The pertechnetate avidity of metastatic deposits beyond thyroid bed determined by SPECT can provide features of lesions and has incremental value over planar scan in increasing diagnostic accuracy, reducing pitfalls, and yielding a specific diagnosis. Meanwhile, the CT component of hybrid SPECT/CT can be used to determine the location and size of metastatic lesions without radiotracer uptake.[ Therefore, proceeding with a 99mTc-pertechnetate planar scan combined with SPECT/CT may lead to cost savings and streamlined management decisions in patients with suspicious metastases.
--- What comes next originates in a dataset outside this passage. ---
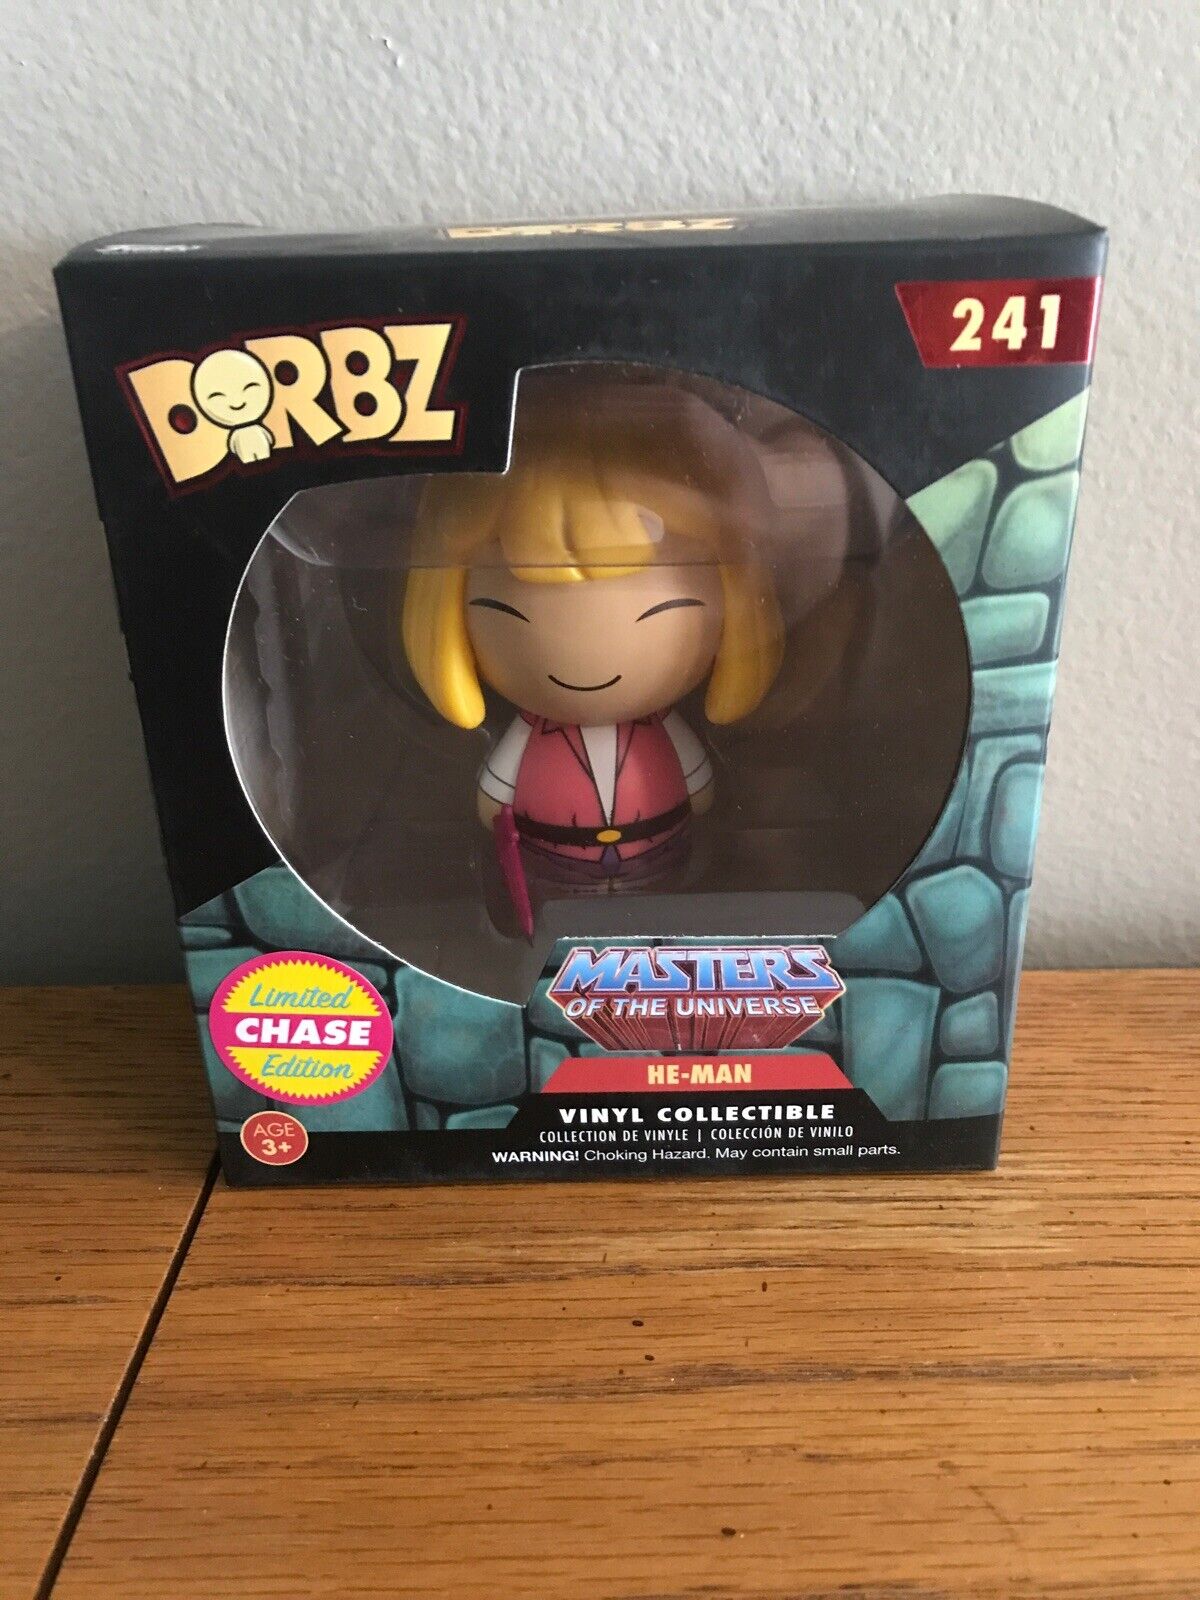 Funko Dorbz Vinyl Figure- Masters of the Universe: HE-MAN LIMITED CHASE EDITION

Inevitably, there were some limitations in our study. We did not compare 99mTc-pertechnetate scan to diagnostic scan using low activity 131I in this series directly. Besides, the value of 99mTc-pertechnetate scan in patients with metastases in other sites beyond neck and chest is still unknown. Finally, we admit that assessing the outcome of therapeutic interventions requires prolonged follow-up in this relatively indolent malignancy, studies with longer follow-ups are still needed.

In conclusion, although the consistency of 99mTc-pertechnetate scan before 131I administration and 131I scan post-131I therapy in detecting metastases is low, identifying metastases via 99mTc-pertechnetate scan prior to 131I therapy has incremental value in making therapeutic decision. Notably, patients with 99mTc-pertechnetate-avid lesions may be more prone to benefit from 131I therapy than those with 99mTc-pertechnetate-nonavid lesions.